Pourtant, il a beaucoup de livres et d’écrits rédigés par des personnes autistes qui vouent leur vie à sensibiliser, expliquer, donner des outils et plus, il serait pertinent de les écouter et/ou de les lire.

 

Nous sommes des personnes autistes. Certaines d’entre nous sont parents d’enfants autistes aussi et nous connaissons les enjeux de la parentalité « autiste ». Il existe d’autres moyens, comme l’éducation positive, qui permettent de meilleures relations entre les parents et leurs enfants, dans la fratrie… entre tous !

 

Est-ce nécessaire de « casser » nos jeunes à coups de récompenses ou non afin qu’ils vivent bien en société ? Nous ne le croyons pas, non.

 

Est-ce que l’inclusion des personnes jugées « dérangeantes » passe inexorablement par ce genre de programme ? Nous ne le croyons pas, non.

 

La bonne entente, les liens familiaux sains et l’inclusion passeront par l’acceptation des différences et le fait de travailler avec celles qui dérangent vraiment en encourageant les changements d’attitude par exemple venant de l’intérieur plutôt que de l’extérieur comme ce programme le prône.

 

Sinon, entre avoir un chiot qui doit apprendre la propreté et un enfant, il n’y aurait pas de différence. 

 

Hypersensibilités sensorielles

Rappelons aussi que nous sommes souvent hypersensibles dans notre être et face à notre environnement, ce qui peut occasionner certains comportements qu’on dit dérangeants. 

 

Ce n’est pas en forçant les jeunes autistes à s’adapter à ce genre d’environnement qu’ils seront des citoyens heureux et qu’ils agiront comme les allistes (personnes non autistes). 

 

C’est en les encourageant à être qui ils sont vraiment dans différents environnements qu’ils apprendront à se connaître et qu’ils apprendront à interagir avec les autres.

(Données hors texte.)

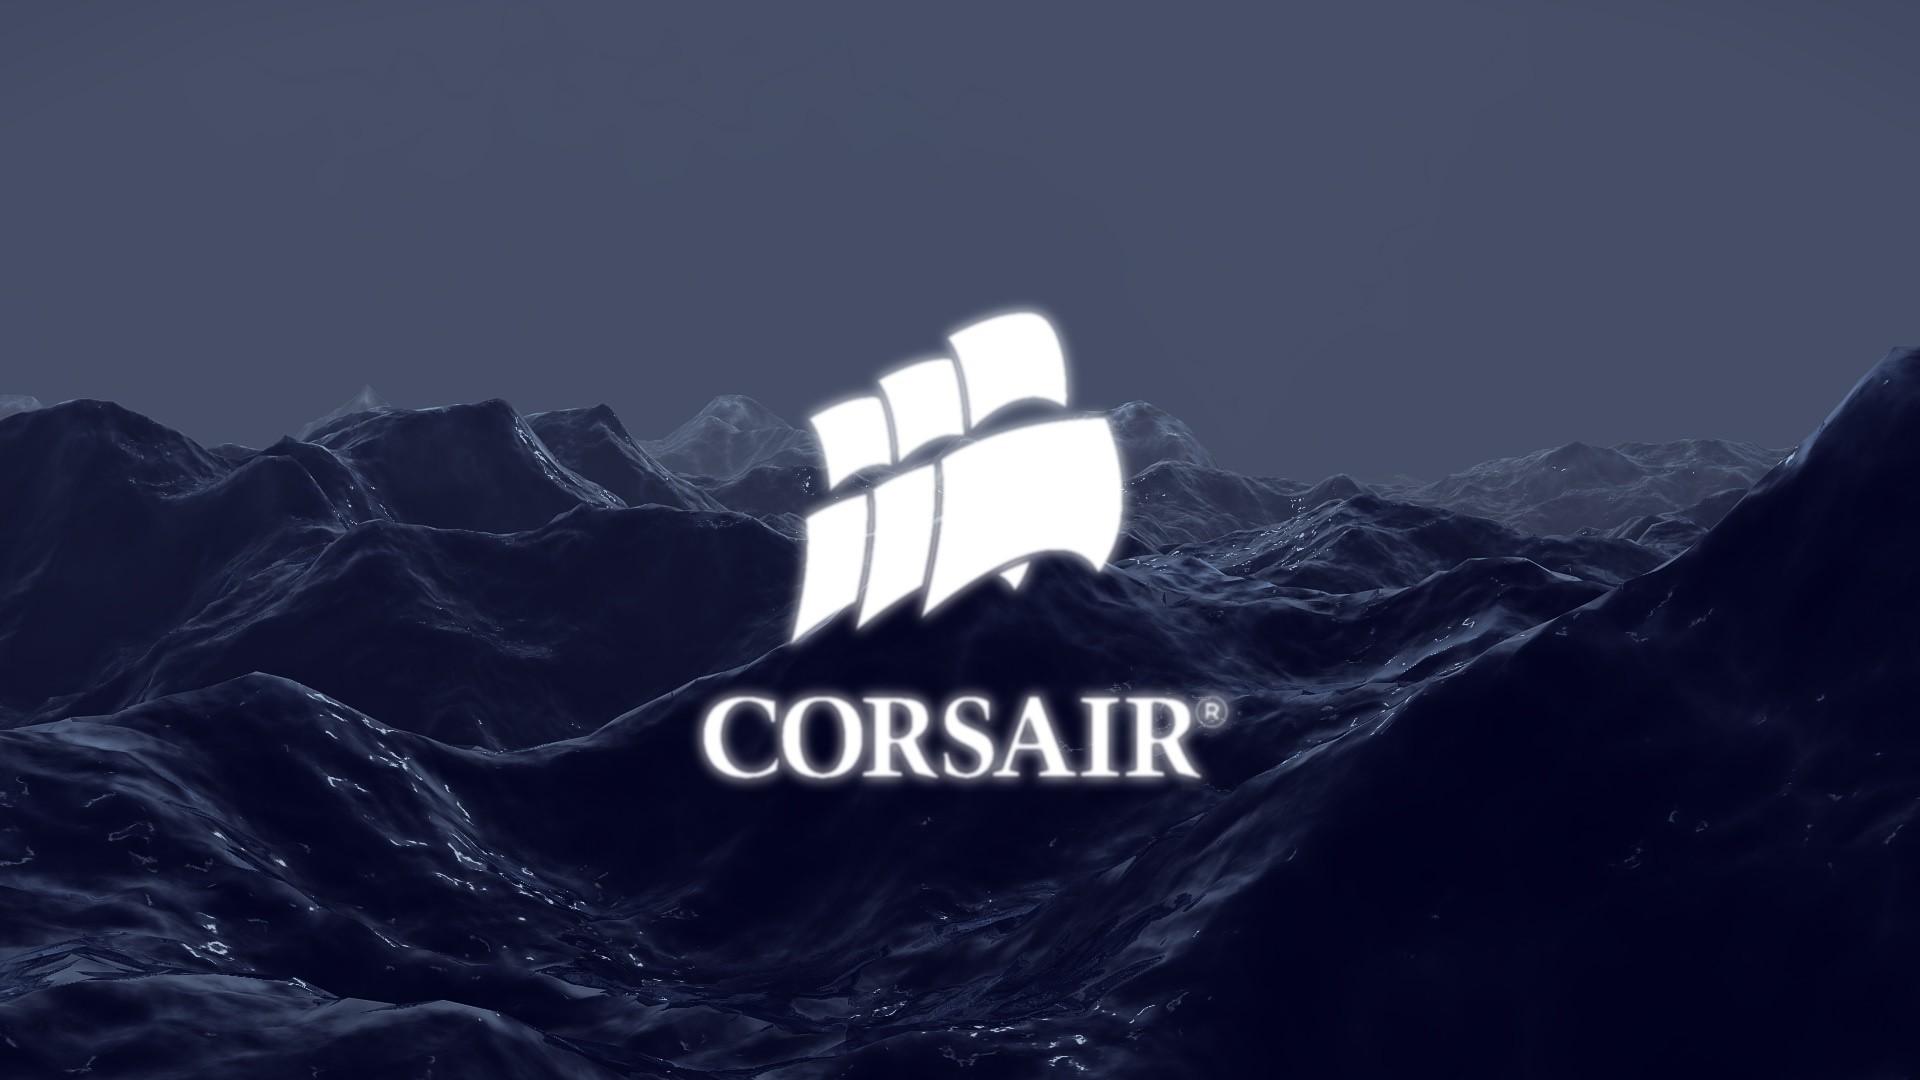 Corsair, Corsair Sea, Corsair Logo
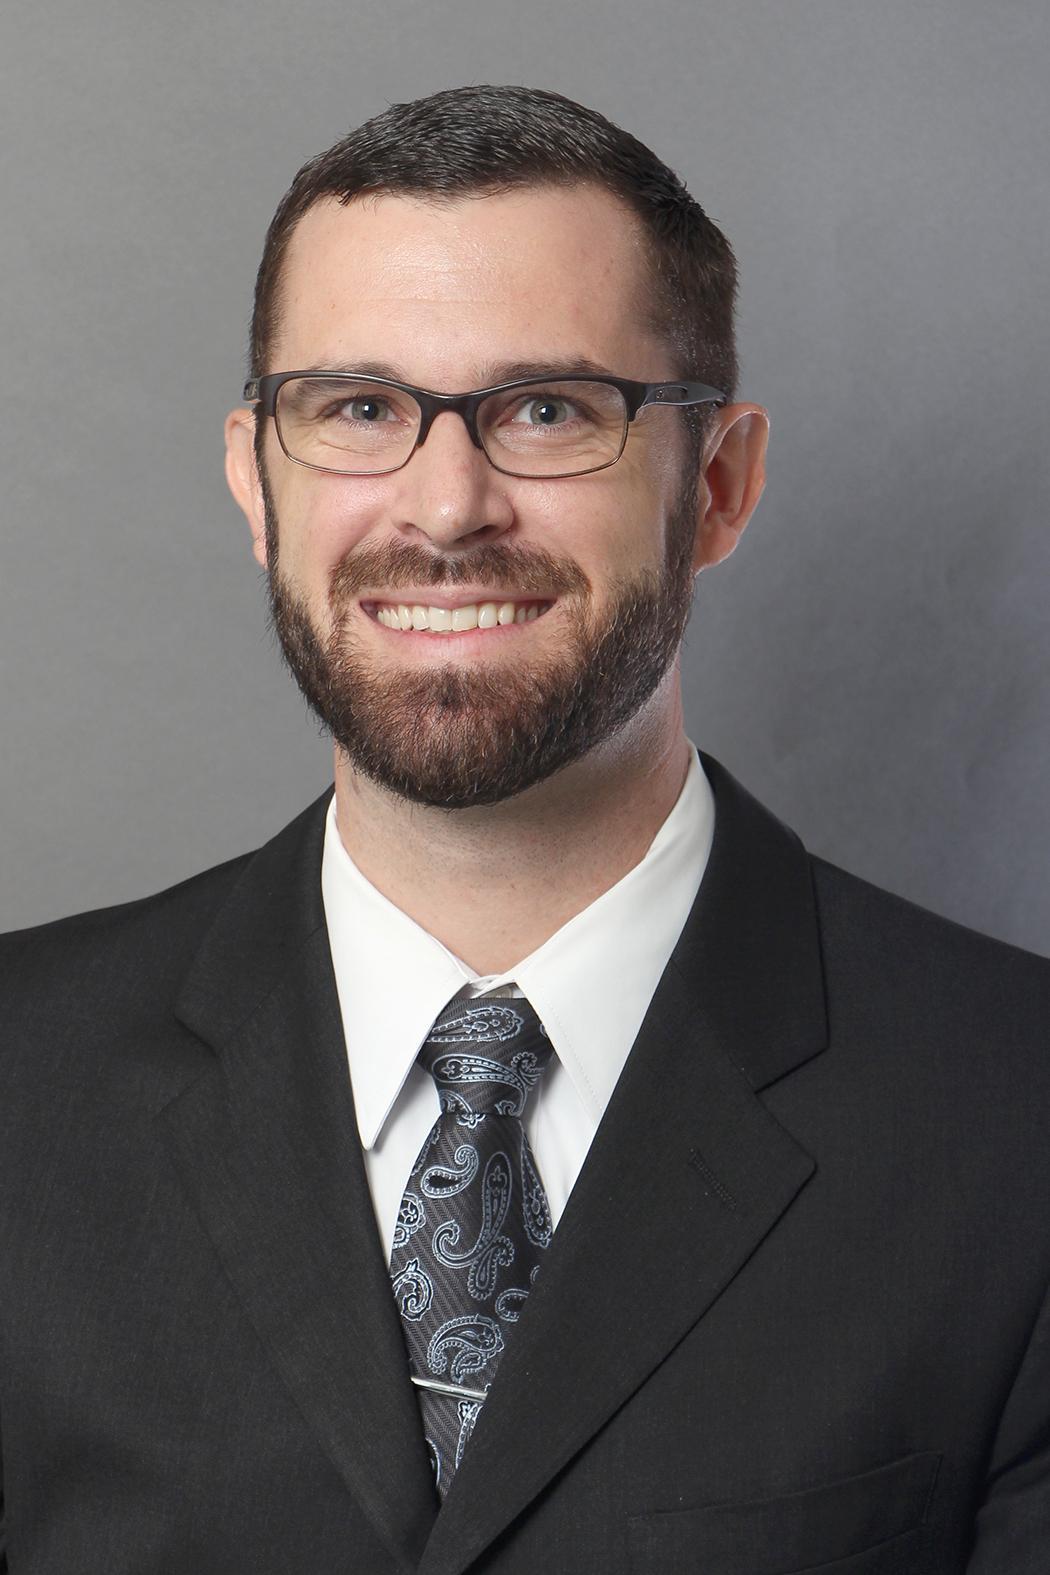 NICHOLAS JOSEPH MCCARTHY Insurance Agent

Ce n’est qu’ainsi qu’ils découvriront le véritable sens du bonheur et qu’ils seront conscients que les actions qu’ils posent peuvent avoir une incidence sur leur entourage.

 

Tenter de faire entrer un carré trop grand dans un cercle trop petit ne peut qu’être souffrant! Même si on donne des points de récompense, une sortie à l’arcade ou un sous-marin de 7 pouces ! Certaines d’entre nous n’auraient pas eu la force de survivre dans ce genre de « camp » de conditionnement. 

 

Là ou le défi se situe

Les jeunes ne sont pas toujours équipés pour comprendre les conséquences à leurs actions et leur entourage ne l’est pas toujours non plus quand vient le temps de leur expliquer.

 

Le défi ne se situe pas dans « l’entraînement », mais dans l’accueil et la compréhension des jeunes et, nous le répétons, dans une éducation positive.

 

Nous sommes plusieurs à donner dans la sensibilisation à l’autisme et nous avons été fortement interpellés par cet article. Force est d’admettre que les besoins en sensibilisation sont beaucoup plus grands que nous l’avions cru initialement.

 

Savoir que de tels programmes existent ici au Québec en 2024 nous sidère et nous espérons voir leur fin le plus tôt possible.